Первый же допрос в связи с пересмотром дела Русакова насторожил Хозяина. Он понял, что за него взялись всерьез. Хозяин встретил Ольгу Петровну и пригрозил разделаться с Мамоной, если дело кончится для него, Хозяина, плохо. Пусть прекратят пересмотр, так будет лучше… Расследование продолжалось. Хозяин решил «рвать когти» — сбежать из Москвы: черт с ней, с подпиской о невыезде. Перед побегом он надумал «разжиться», но попался на воровстве с поличным. Во время следствия его же «дружки» показали против него и по делу Русакова. Хозяина и Яшку Глухаря осудили. Ольга Петровна радовалась. А потом прошел слух о бегстве Хозяина.
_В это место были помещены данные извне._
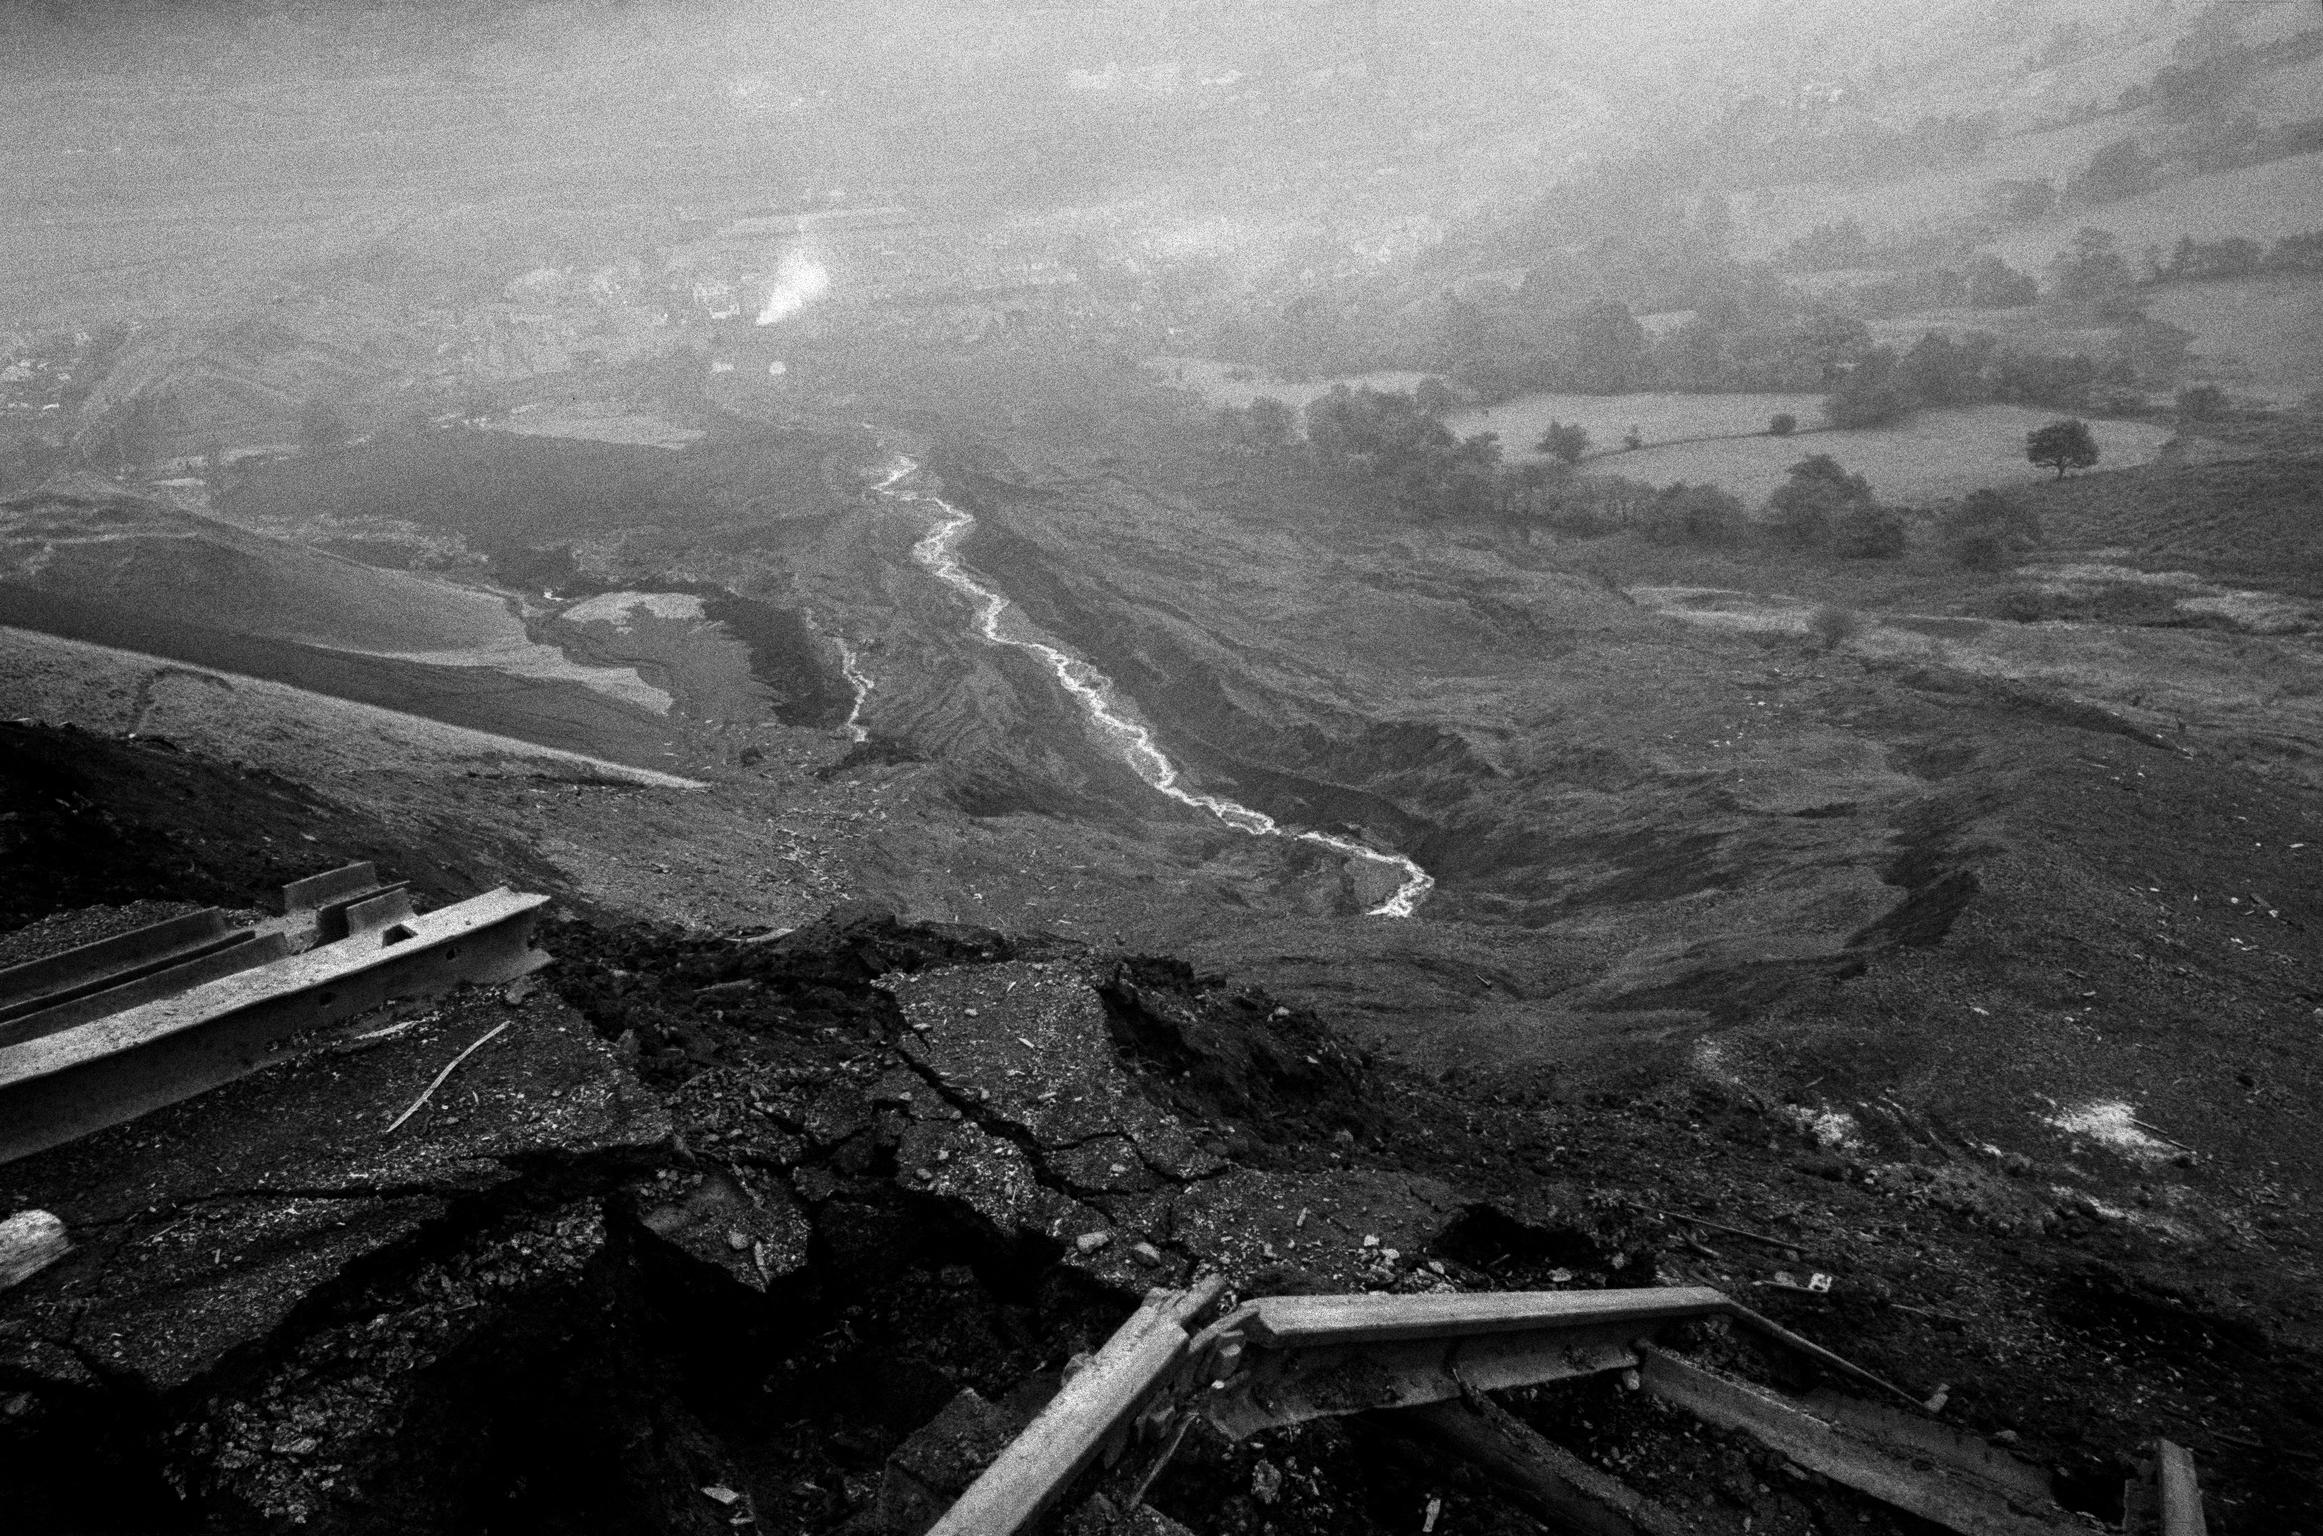 The Aberfan disaster was a catastrophic collapse of a colliery spoil in the Welsh village of Aberfan

Ох, как переволновалась Ольга Петровна. Вот тогда-то она и добилась, чтобы Анатолию дали возможность окончить девятый класс в колонии.
Хозяин попал в дальние лагеря. Встретил там двух бандитов-рецидивистов, и они решили бежать. Обычно хорошо работающих заключенных отпускали досрочно, «засчитывали срок». С помощью угроз они заставили нескольких неопытных, впервые попавших в лагеря заключенных работать так, что кости трещали, а часть их выработки записывали на себя. Администрация поверила, что эта тройка «отпетых» перековалась. Сразу им облегчили режим, расконвоировали, портреты трех «ударников» даже появились на Доске почета. Теперь и бежать нетрудно.